In January 1941, Cyril was conscripted into the RAF Regiment and went on to serve in the jungles of Burma, working on the landing strips for General Orde Wingate’s Chindit operation behind enemy lines. He emerged as a decorated and tough Sergeant, but with an abiding love for Burma, its people and its wildlife, which he retained all his life. After being demobbed he returned to civilian life with his mother in Balham, south east London, until his marriage.

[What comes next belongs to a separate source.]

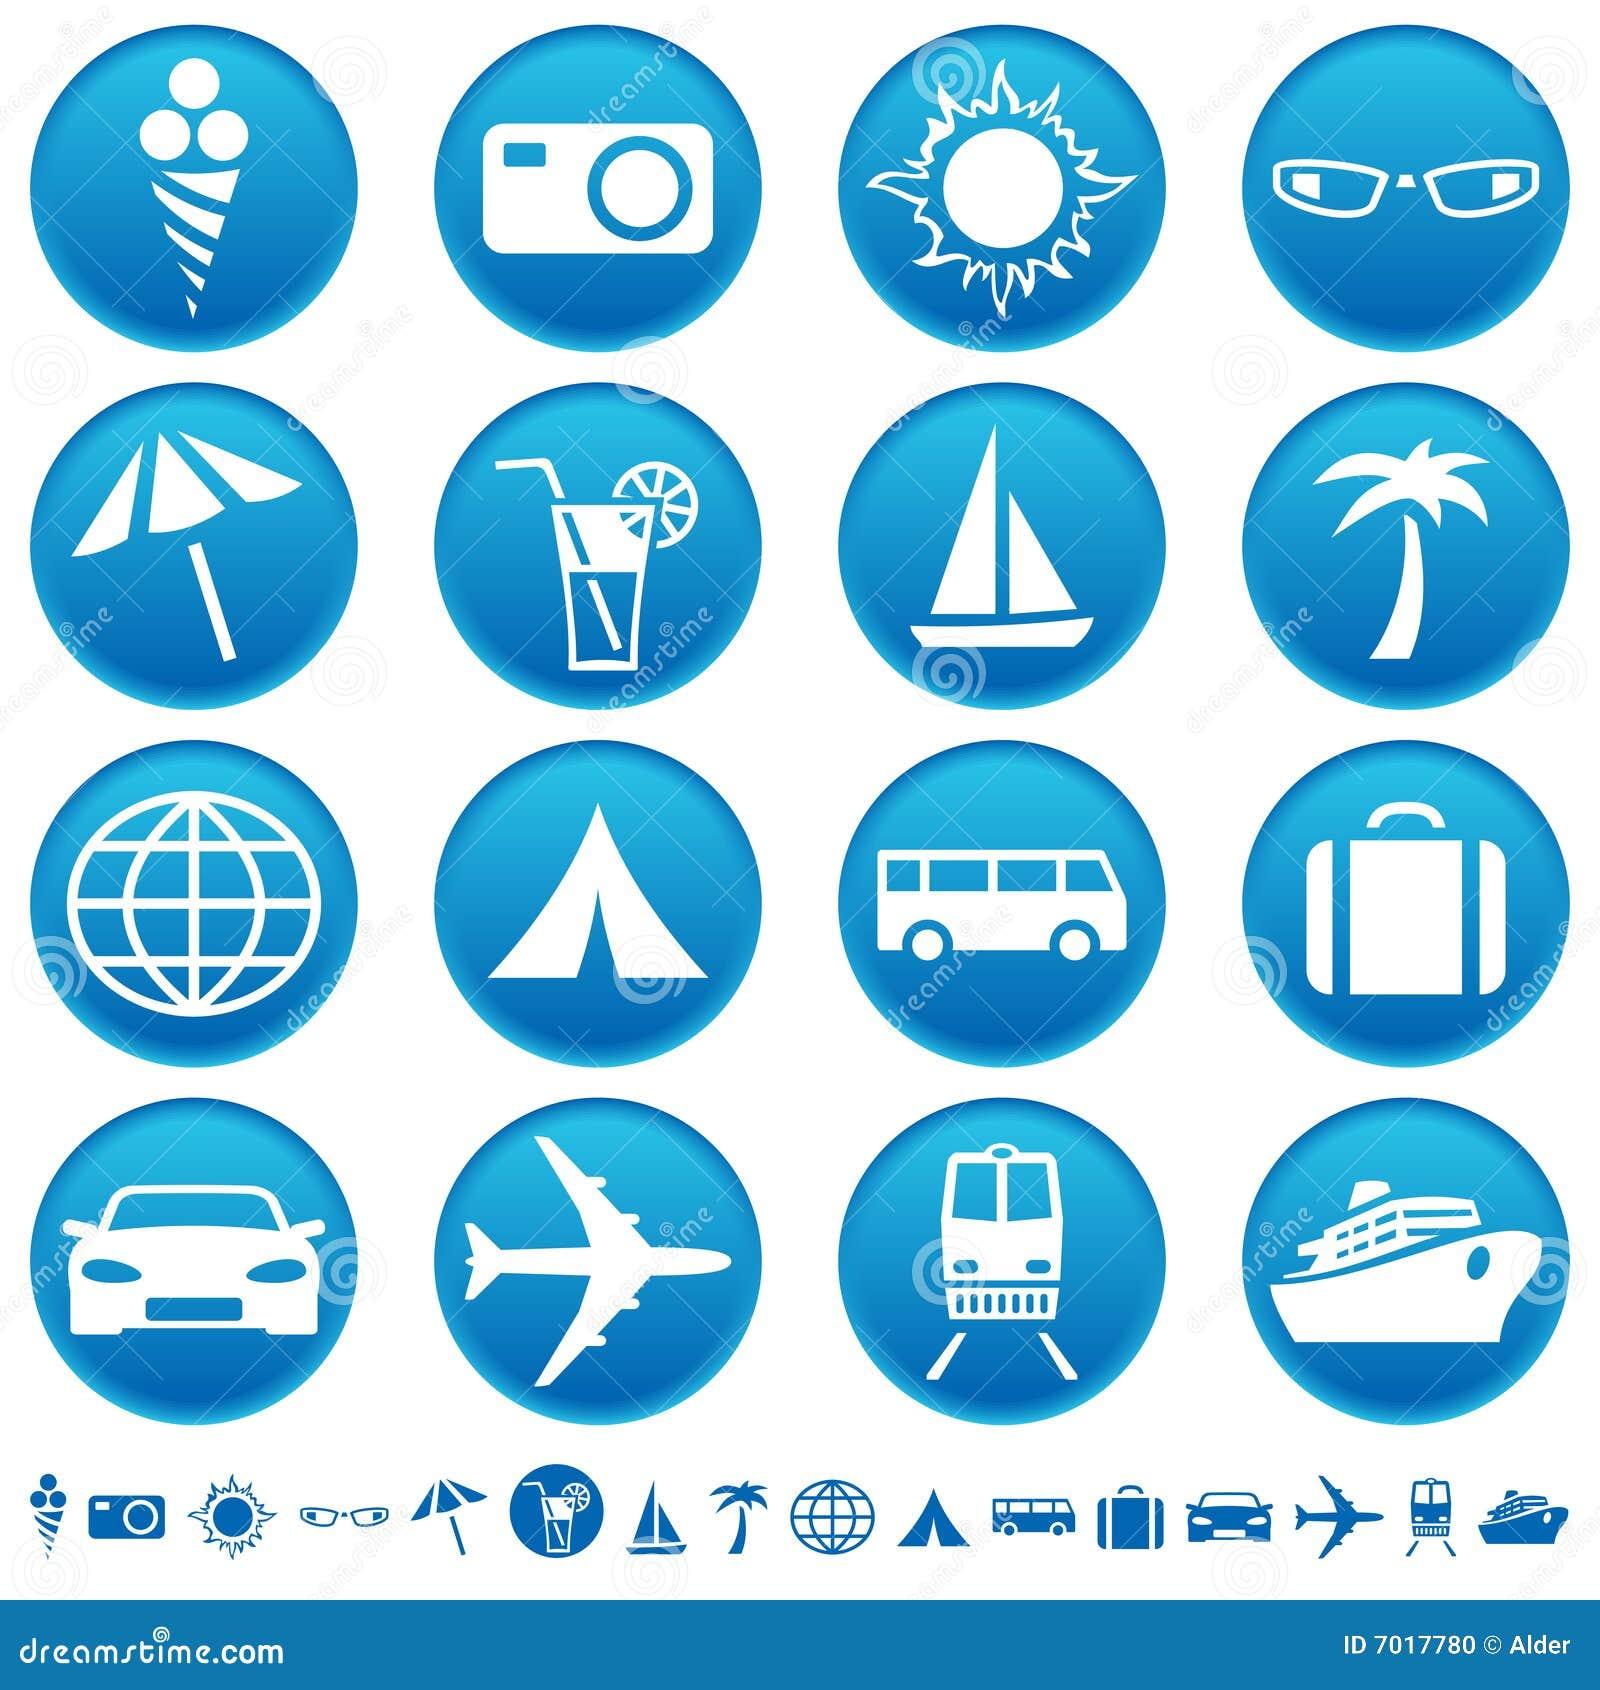 Travel & tourism icons

In the early 1960s, like other Jewish ex servicemen who had fought to cleanse the world of Nazism and Fascism, he became enraged by the violent anti-Jewish activities of Colin Jordan’s National Socialist Movement. Their 1962 Trafalgar Square rally, called to ‘free Britain from Jewish control’, provided the spark for the Jewish community to organise once again as they had done in the pre and post War years. The Board of Deputies of British Jews, the community’s representative body, preferred a low key response but some younger Deputies and members of the Association of Jewish Ex Servicemen, at a hastily convened meeting in the Ephra Road Synagogue in south east London, determined that a direct and physical response was the only way to beat the neo-Nazis off the streets.

Thus was born the 62 Group, which over the next few years thoroughly penetrated the neo-Nazi groups and their leadership, and confronted them on the streets. Among some of the more memorable clashes were the invasion of the National Front’s inaugural meeting near Victoria which set back their formation by several years; the assault on Oswald Mosley’s headquarters in Notting Hill, where his bully boys had been terrorising Caribbean immigrants; and the removal of Jordan’s regular public platform in Dalston. But what really characterised the 62 Group were its tight discipline and an often unbelievable level of chutzpah.

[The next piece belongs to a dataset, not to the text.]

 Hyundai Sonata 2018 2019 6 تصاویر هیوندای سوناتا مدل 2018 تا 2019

Police intelligence on the far right in the 1960s was virtually non-existent, but 62 Group information gathering was so good that it led in turn to the apprehension and conviction of a Stamford Hill yeshiva arsonist, and the arrests of several others who had perpetrated hate crimes. It was particularly efficient at unmasking the violent plans of Jordan’s National Socialist Movement, who aspired to develop a neo-Nazi international, and its paramilitary Spearhead offshoot.

In later years, Cyril together with Philip Green and several other 62 Group leaders turned their attention to charity. Starting with the East End boxing club in Arbour Square, they went on to establish a children’s charity, which on Green’s death was renamed the Philip Green Memorial Trust. Over the years this raised hundreds of thousands of pounds to help children suffering from terminal illnesses.

Always one to lead from the front, Cyril was an inspiration to all who worked with him. His rasping voice and his barked commands could easily scare, but he had a heart of gold and his memory will be cherished by all who knew him. He is survived by his wife and two sons, who supported him in all his work.